This retrospective study (study code 2018-010IP-22) was approved by the local institutional review committee. Abdominal SWI data was collected in consecutive patients, since May 1, 2017, as part of an ongoing study looking at SWI’s relevance in imaging the biliary system. Adult patients receiving a diagnostic MRI for suspected biliary pathology, subsequent to a diagnostic US examination were included in this larger study. Patients who had contraindication to MRI due to metallic implants were excluded. As part of this study, informed consent was obtained from all the patients before MRI. The data collected in such manner was later retrospectively evaluated for CBD stone visualization, for the purposes of the current study.

For the current retrospective evaluation study, inclusion criteria were: (a) patients receiving abdominal MRI exam between May 1, 2017, and March 15, 2020; (b) patients clinically suspected of having biliary stones or biliary pancreatitis, based on symptoms and abnormal liver function tests—alkaline phosphatase and gammaglutamyl transferase levels; (c) patients who had received a subsequent ERCP with or without clinical EUS examination. Exclusion criteria were: (a) patients whose MRI scans were incomplete due to claustrophobia or other reasons.
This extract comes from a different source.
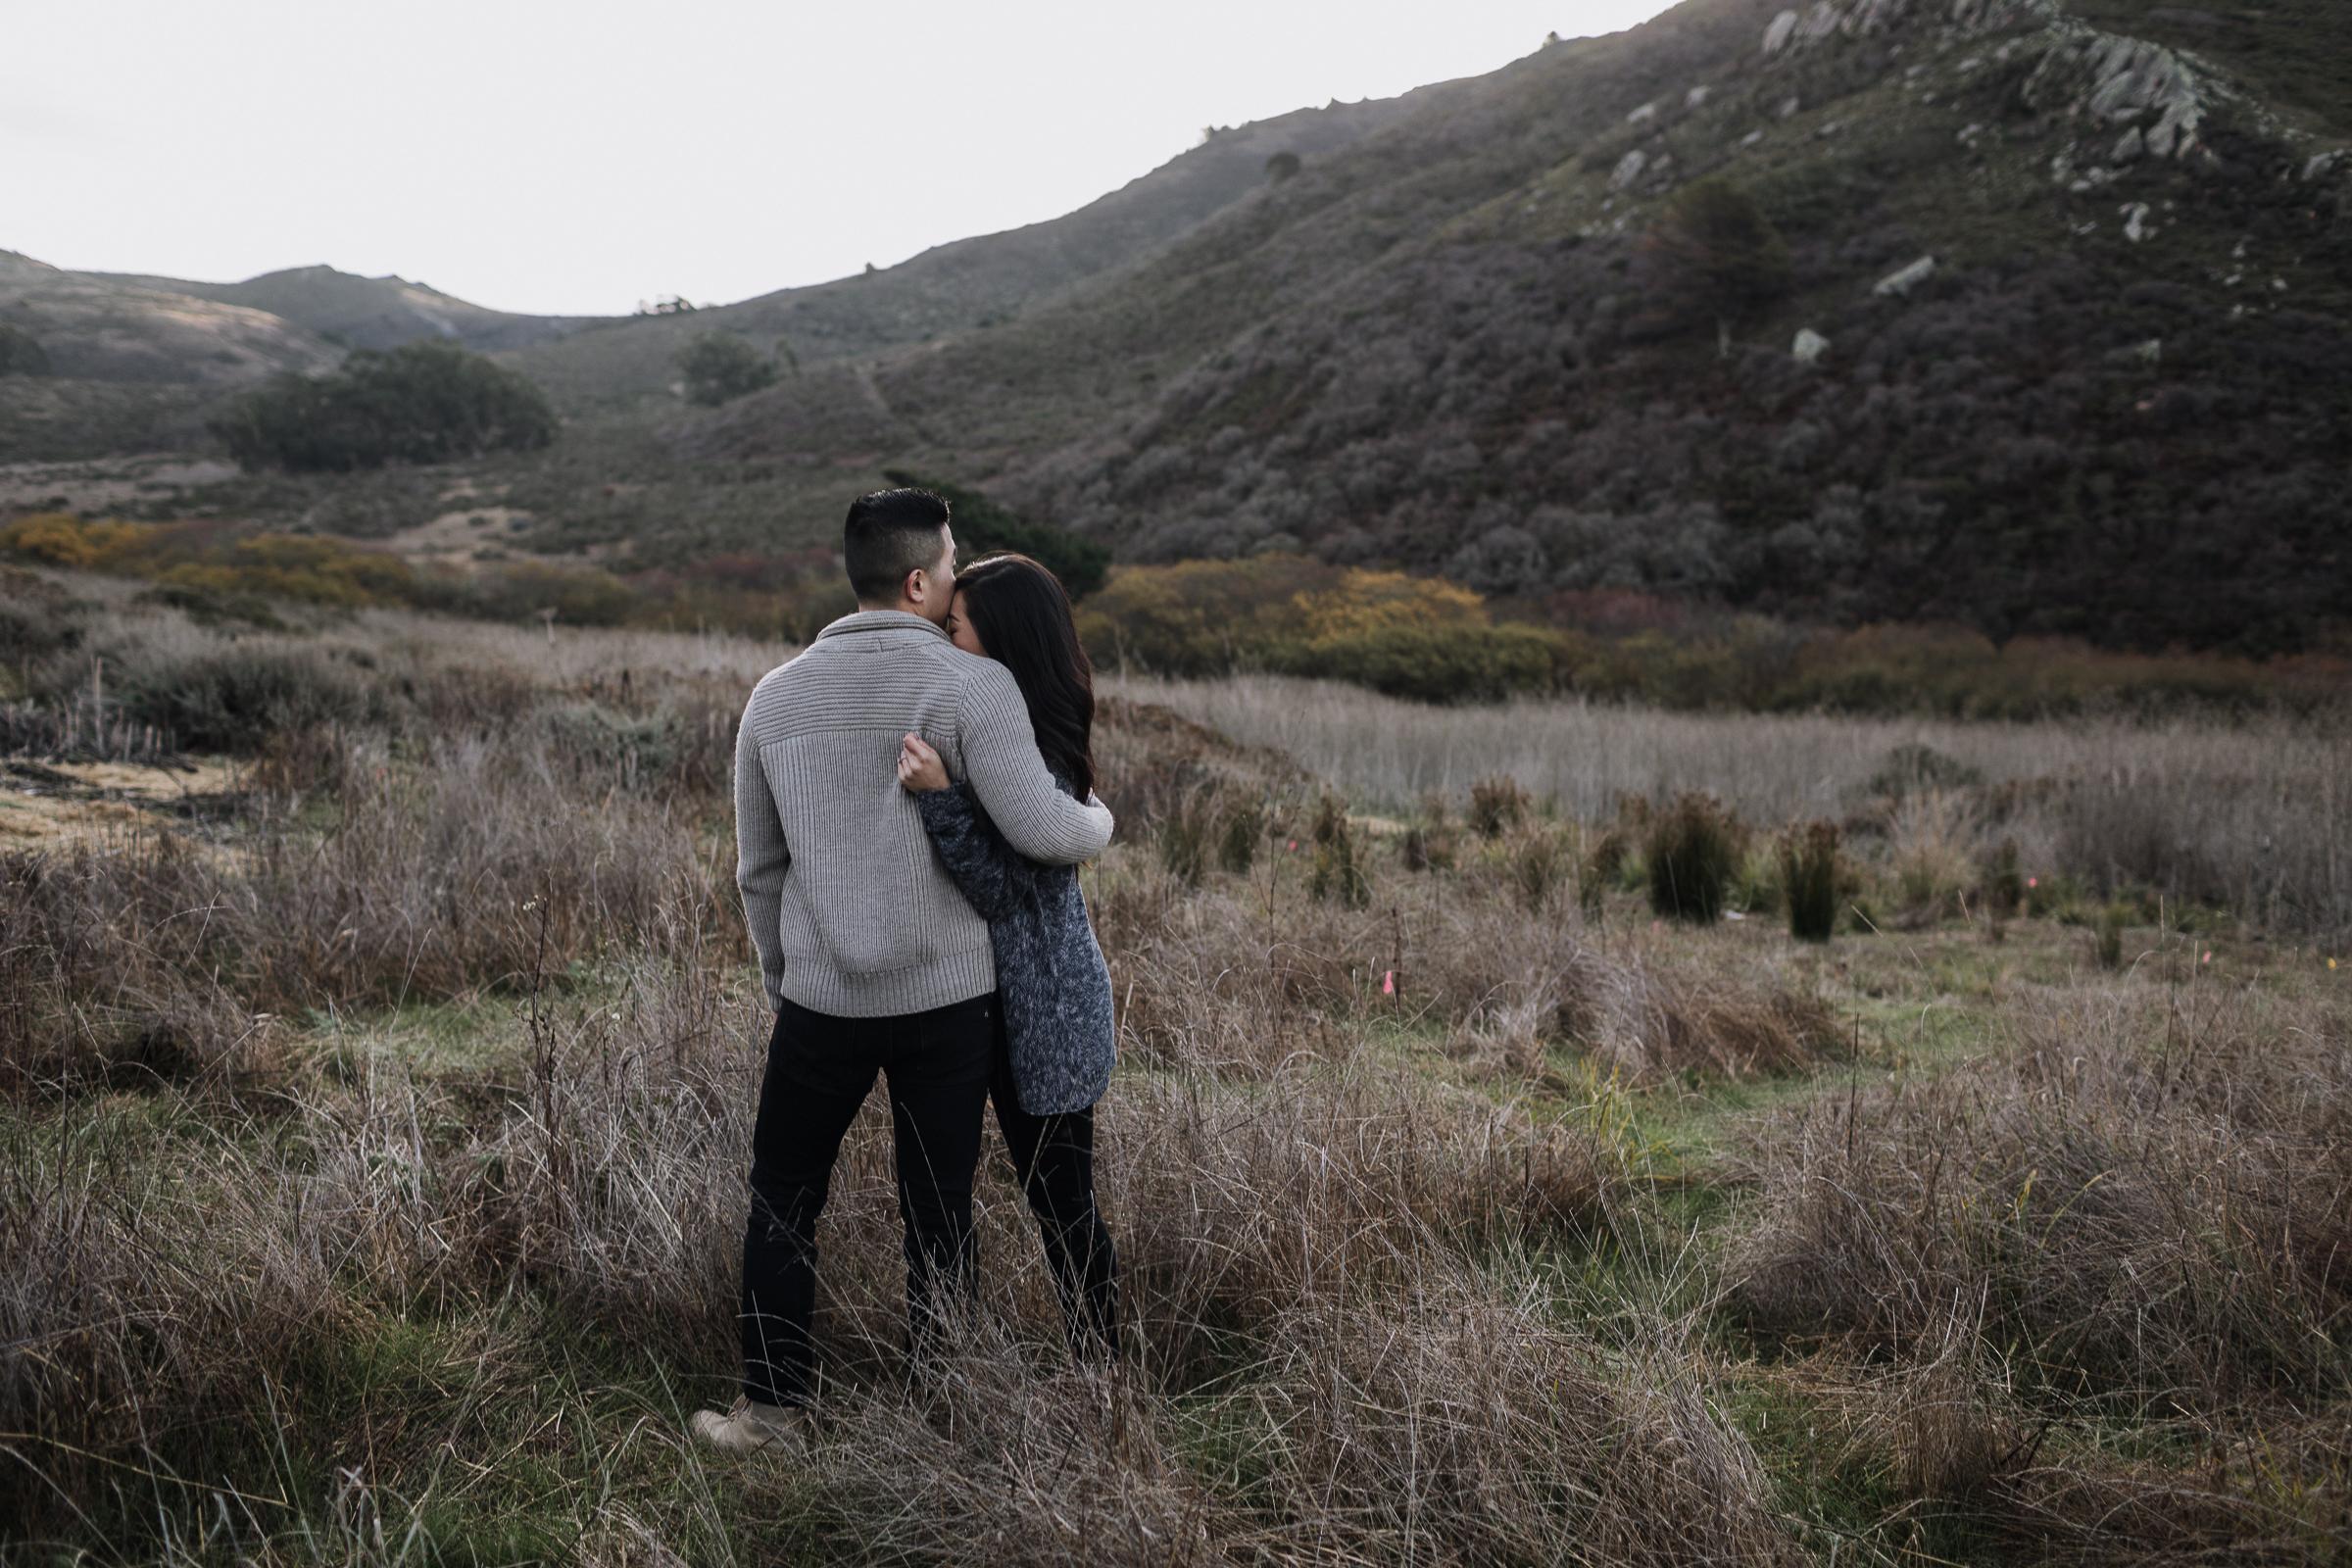 gretchen_gause_tennessee_valley_trail_engagement_photo_california-29.jpg

All MRI examinations were performed on an Ingenia 3.0T (Philips) system. Imaging protocol consisted of the conventional diagnostic imaging sequences that included MRCP, T2- weighted BTFE and T2-weighted turbo spin echo, and an additional abdominal SWI, acquired with the imaging parameters shown in Table 1. Acquisition time for the 3D SWI in axial orientation was 17 s per breath-hold and consisted of 2-3 such breath-holds for covering the region of interest. Findings from diagnostic/therapeutic ERCP/EUS in the same sitting were used as gold standard to confirm MRI findings. Based on ERCP/EUS results, data of cases without CBD stones were excluded. The remaining data were reviewed by 2 radiologists with 9 and >30 years of experience in abdominal radiology, in consensus, denoted by cR for consensus review. These radiologists were blinded to the results of ERCP/ EUS examination at the time of their review of MRI data. Both susceptibility weighted magnitude and the phase output from SWI sequence were reviewed as part of SWI data evaluation. Visualization status of calculi within a particular sequence data was noted as yes/no. The proportion of cases where calculi were visualized in conventional techniques (MRCP, balanced turbo field echo [BTFE], and T2-weighted imaging)) and in SWI were noted. In cases where stones were visualized in SWI, the nature of their phase signature was also measured as either diamagnetic (+ve phase), paramagnetic (–ve phase), or indeterminate (mixed phase).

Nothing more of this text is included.